Start of SUPPLIED MATERIAL

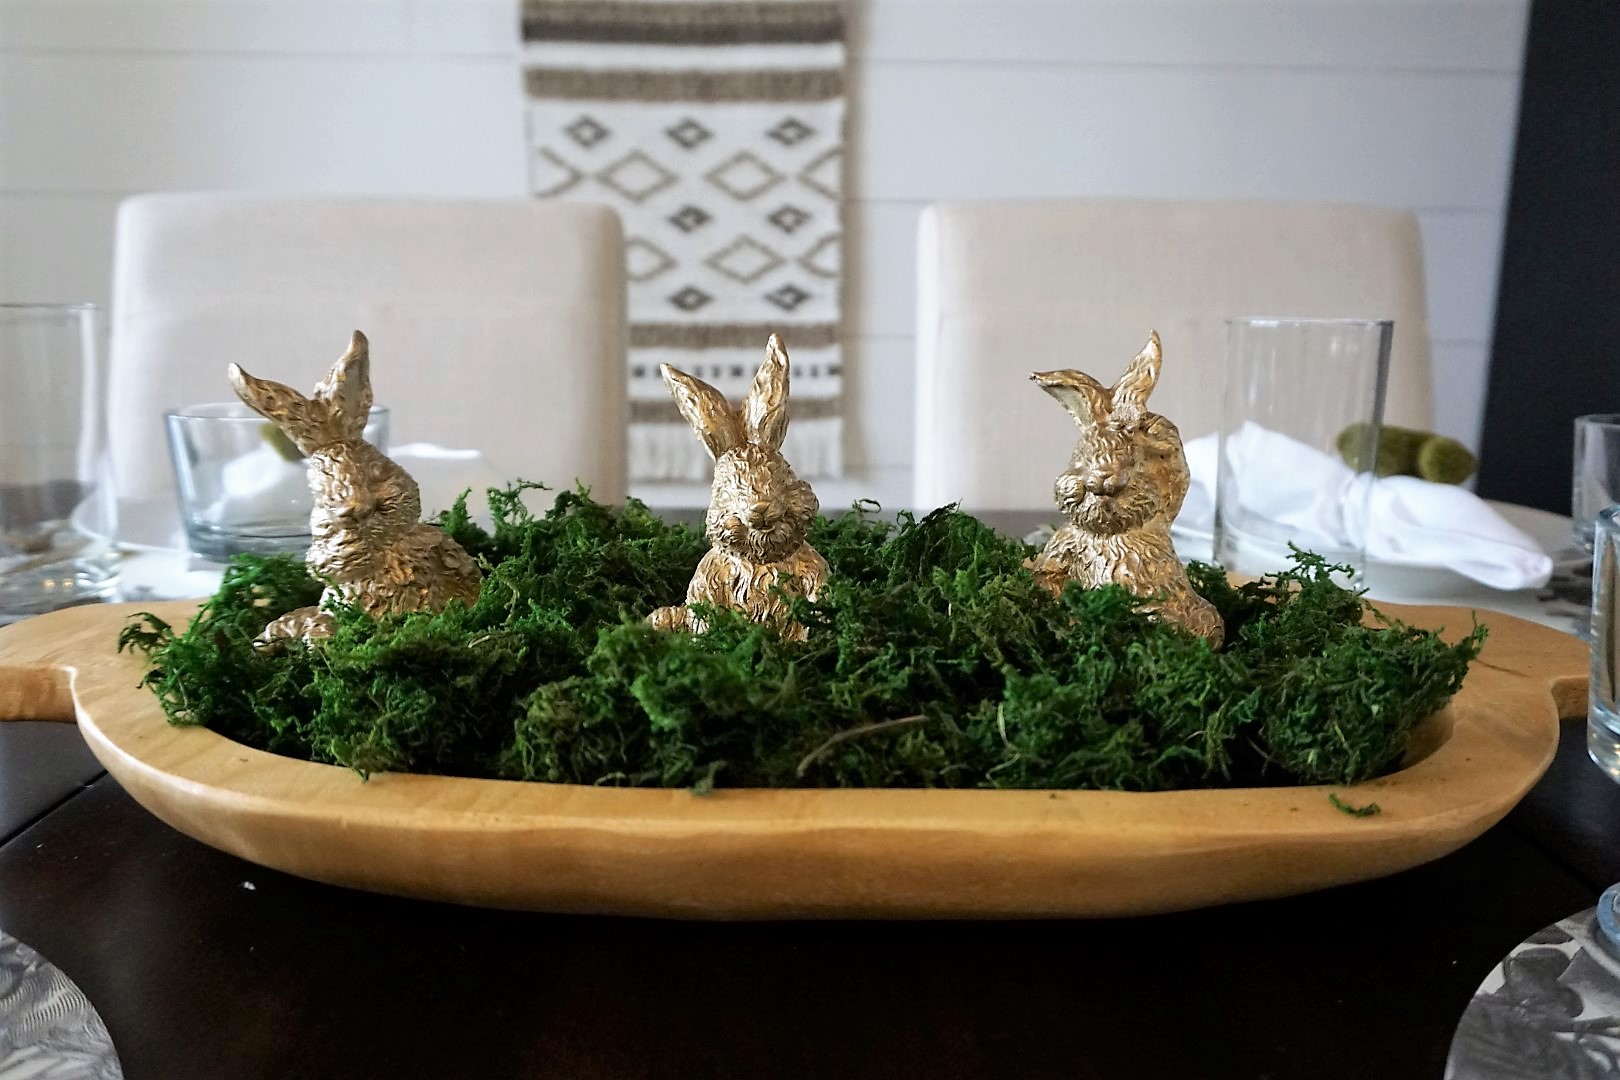  Gold bunnies, moss, and dough bowl make a perfect Easter centerpiece. 
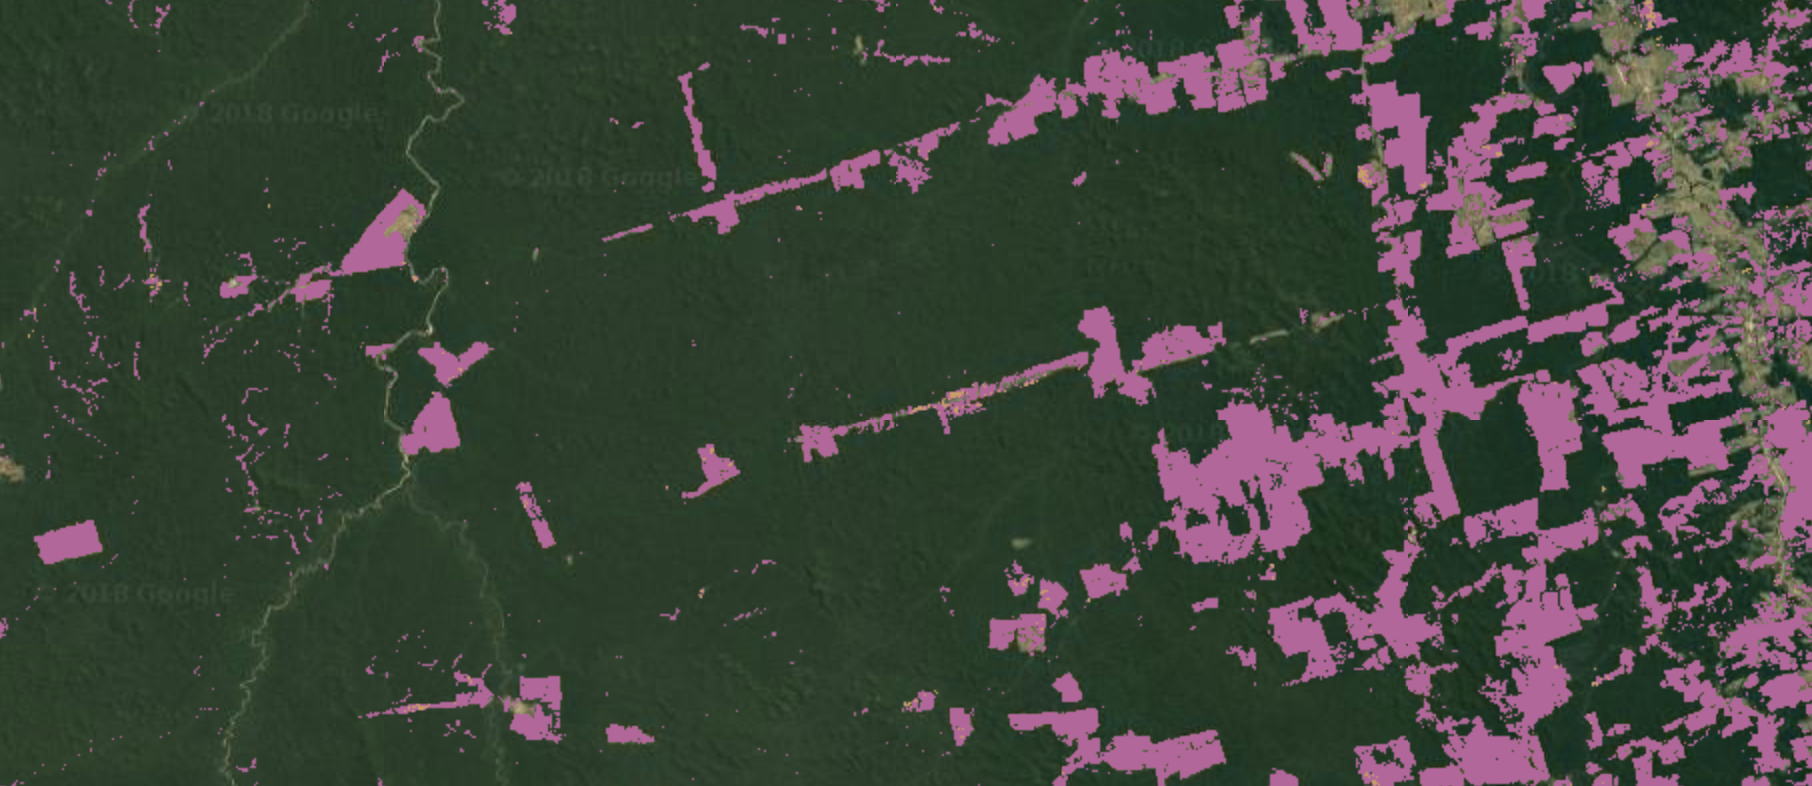 Amazon forest deforestation map
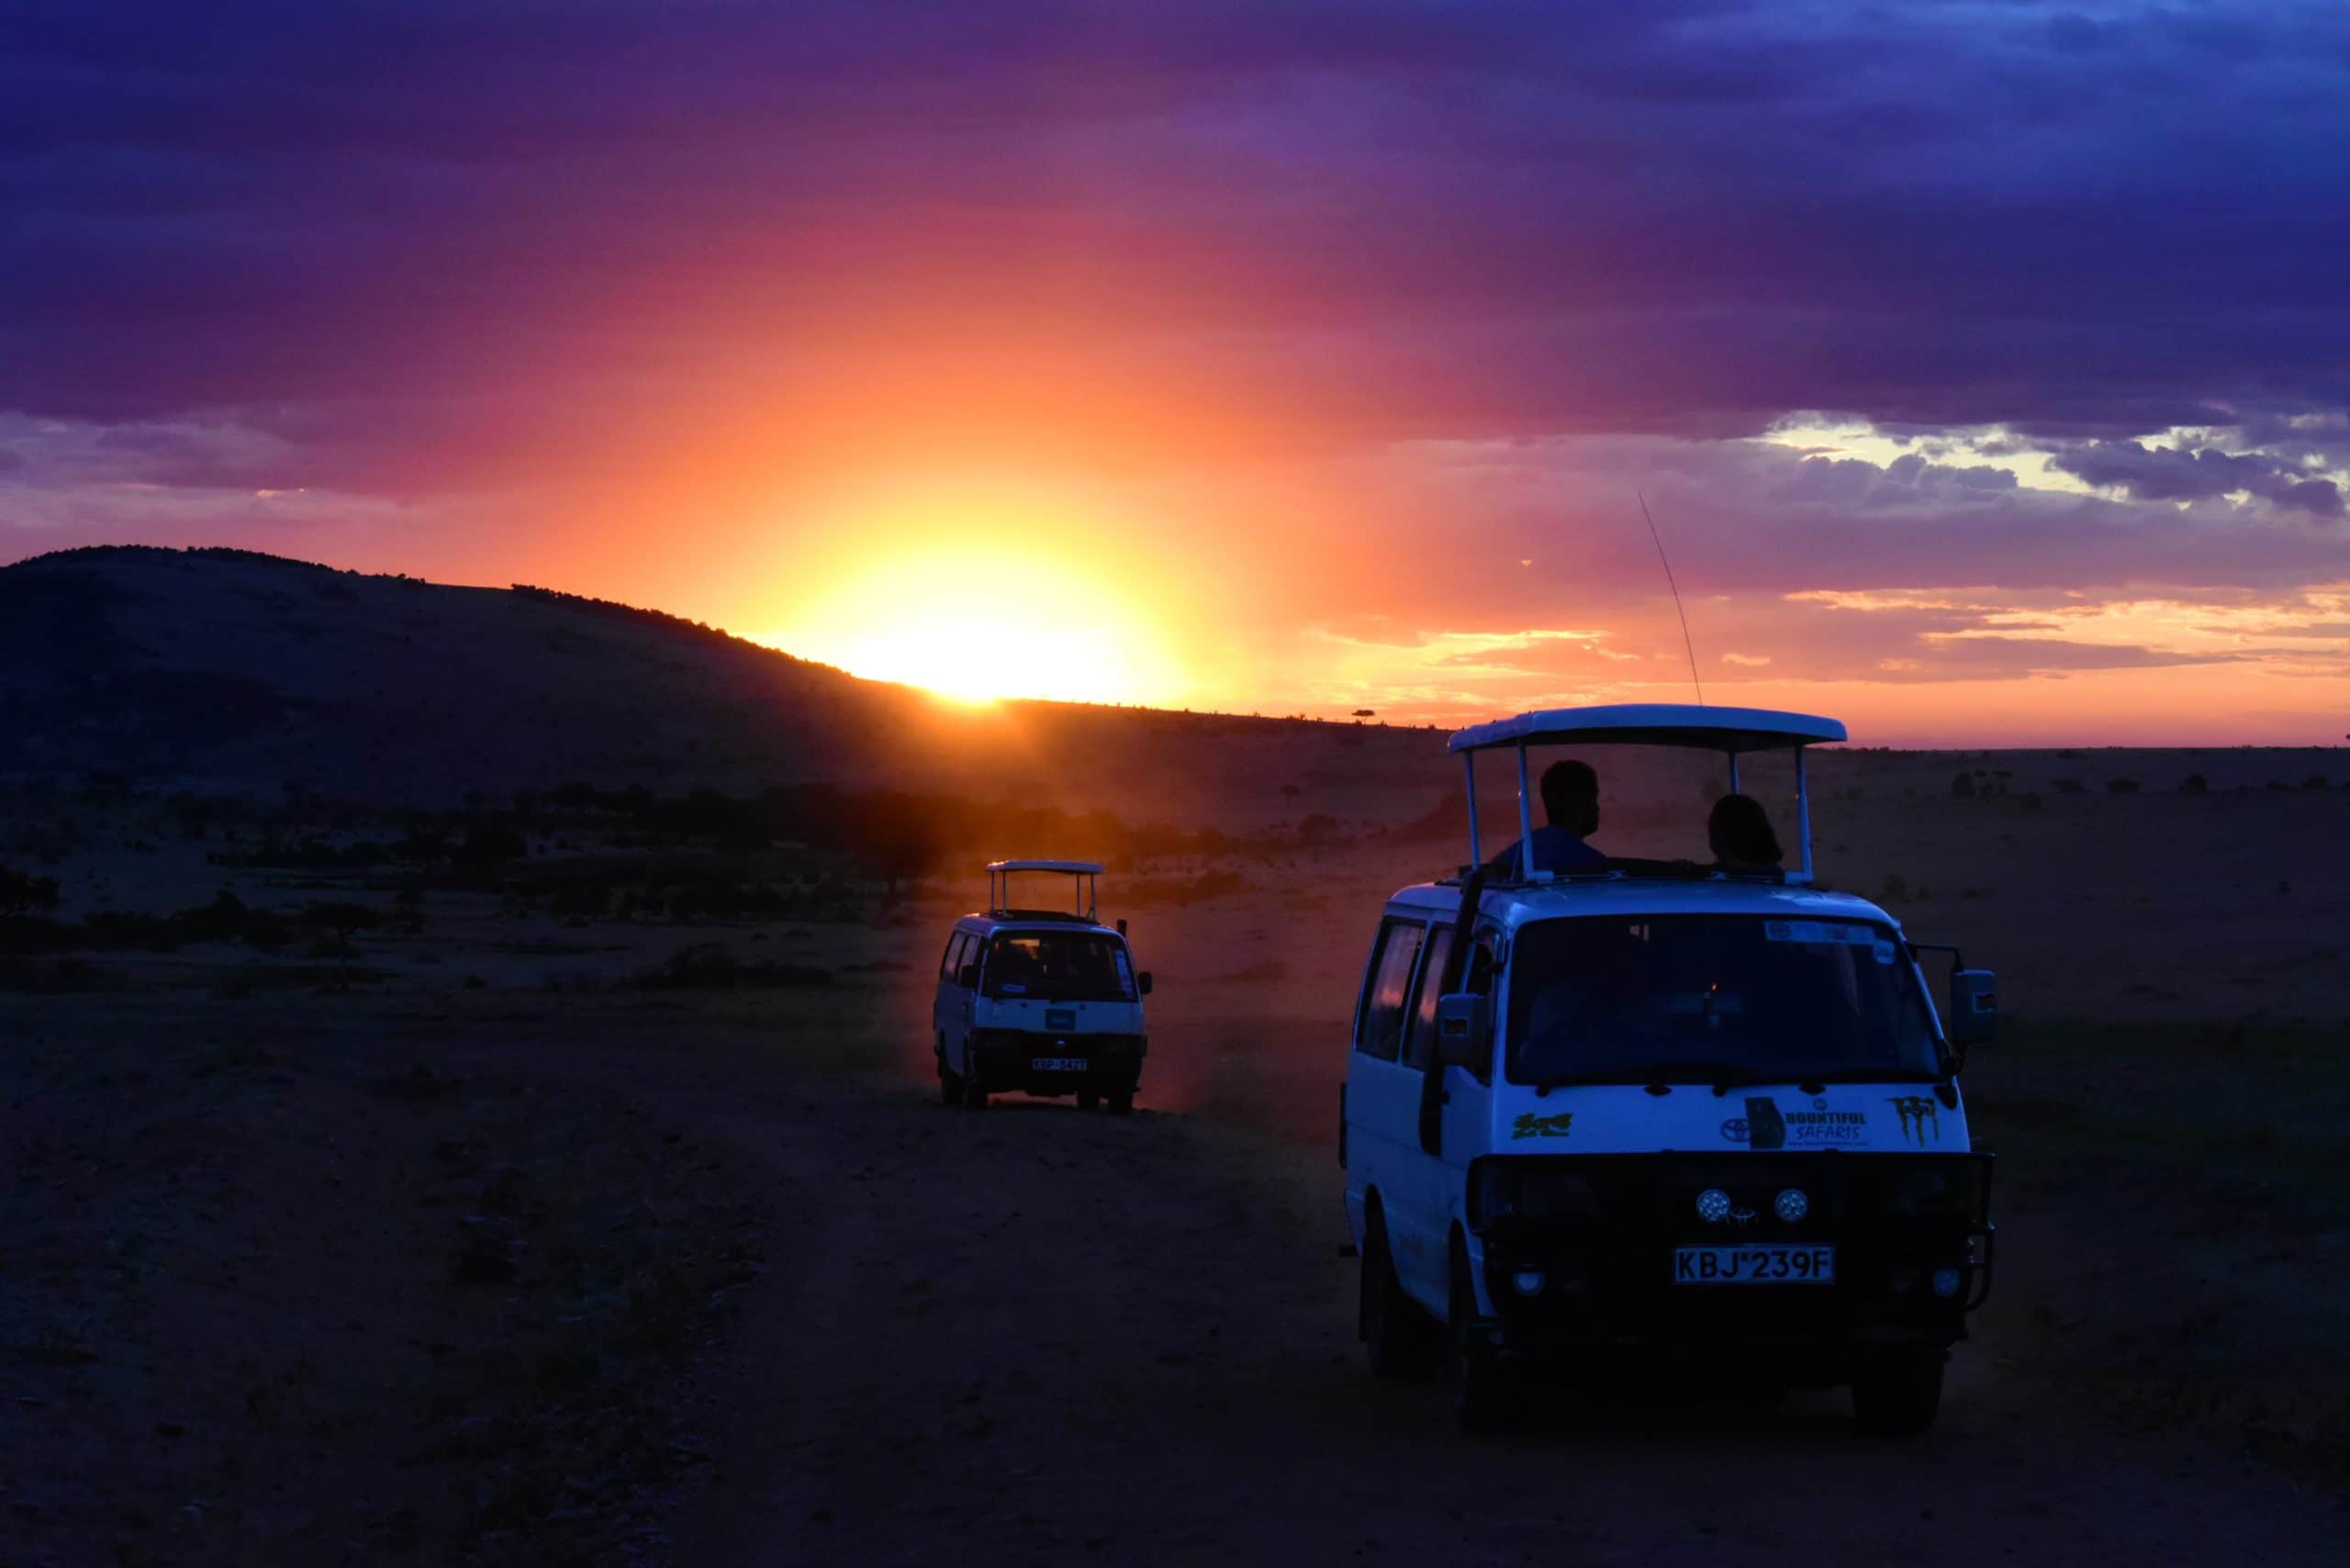 Watching a sunset in Tanzania

End of SUPPLIED MATERIAL

WHAT THE TASK REQUIRES
Restate the full listing word for word, excluding images.

RESPONSE TO THE TASK
  Gold bunnies, moss, and dough bowl make a perfect Easter centerpiece. 
 Amazon forest deforestation map
 Watching a sunset in Tanzania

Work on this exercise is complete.